The metal lunchboxes for kids had their origin in box lunches sold on site to working men. The exhibition has the sheet music for the song “Who WIll Buy a Box Lunch?” forever immortalized by Minnie Mouse. In the 1933 Disney short “Building a Building,” Minnie delivers lunches to a construction site, skipping along the girders. Predictable mayhem ensues.

It is too bad the library’s collections don’t include artifacts from the latest iteration of the packaging and repackaging of lunch food, the bento box, the craze among design-oriented mothers who believe that a cute lunch is an eaten lunch. There is an interesting section on the origins and vagaries of school lunch, complete with cafeteria trays and a number of other elements that make this an interesting exhibit to visit with an older child.

The most dramatic and architectural squaring-up of lunch is, of course, the Automat. “Lunch Hour” devotes a bay to a loving anatomization of the Horn & Hardart restaurants that were once so ubiquitous in New York City. The first opened in July 1912 in the middle of Times Square.

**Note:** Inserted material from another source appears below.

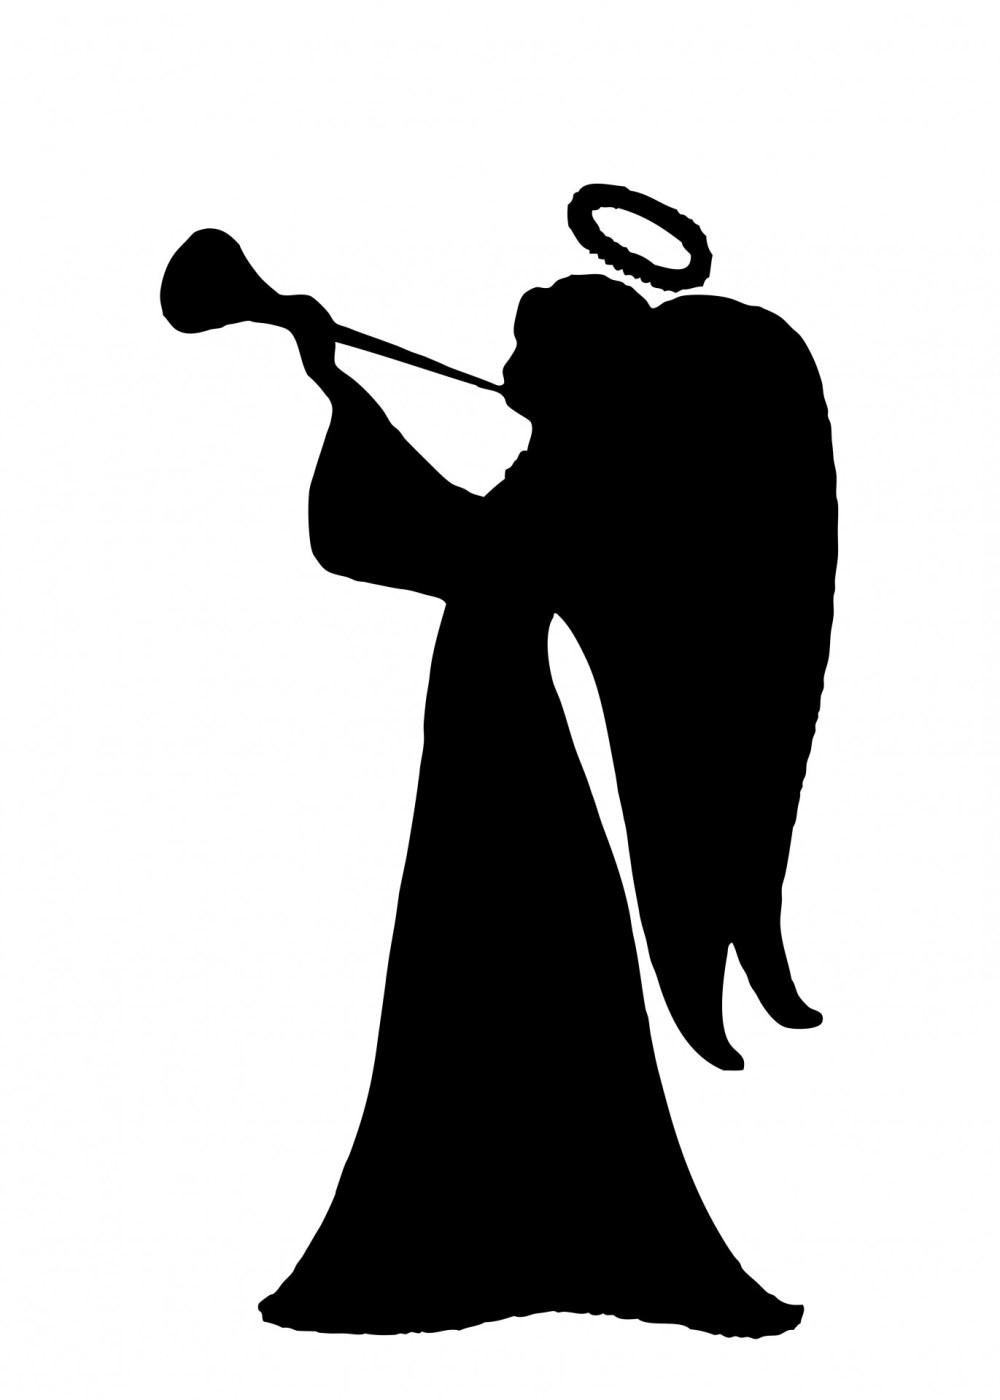 medium resolution of 1371x1920 angel silhouette clipart free stock photo
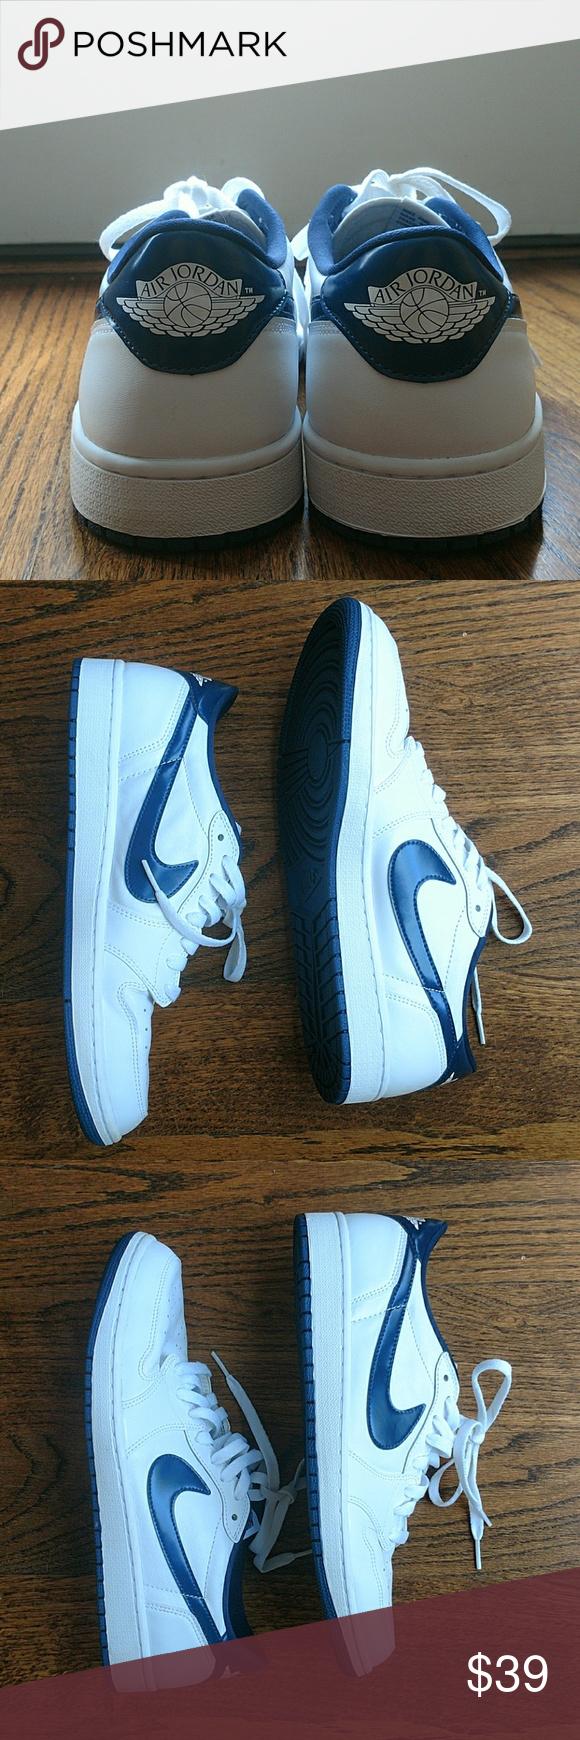 Nike Jordan 1s Nike Jordan 1 shoes, very lightly worn and

“Automat, New York,” Berenice Abbott, 1936. NYPL, Photography Collection.

From Edible Geography:

Shapiro: Every Horn & Hardart location had a manager’s book, with the rules for doing every single thing — how to squeeze the orange juice, how much filling to put on each sandwich, how to treat your customers, and how often to throw out the coffee. All the food came from a central commissary, which was a block-large building on 50th Street, between 10th and 11th. They did nearly everything there, for economy of scale and for quality control, and then they had extremely precise instructions for anything that had to be made in store. The idea was that any Automat you went to, you would get precisely the same dish.

Federman: And you never saw the people preparing your food, which somehow made it seem more sanitary, as if strangers weren’t touching your lunch. In the exhibition, we show the mechanics, so you can peek backstage and see how it worked.

The Automat replaced the box, and sometimes even the bread, with a brass-trimmed door, presenting each part of the meal in a space both glamorous and utilitarian. I think there’s a connection between what I loved about Sandbox — its tidiness, its regularity, its immaculate presentation — and the qualities people liked in an automat. They perfected a formula (those recipe books describe egg salad down to the last chopped teaspoon) and as long as they kept it clean and high-quality, they prospered. Once upon a time, industrialized food was a safe harbor. And lunch wouldn’t be lunch without the clock.

As a final note, given the ongoing controversy about the NYPL’s expansion and renovation plans: this exhibition is exactly the right blend of scholarly and populist, and shows those two goals not necessarily to be at odds.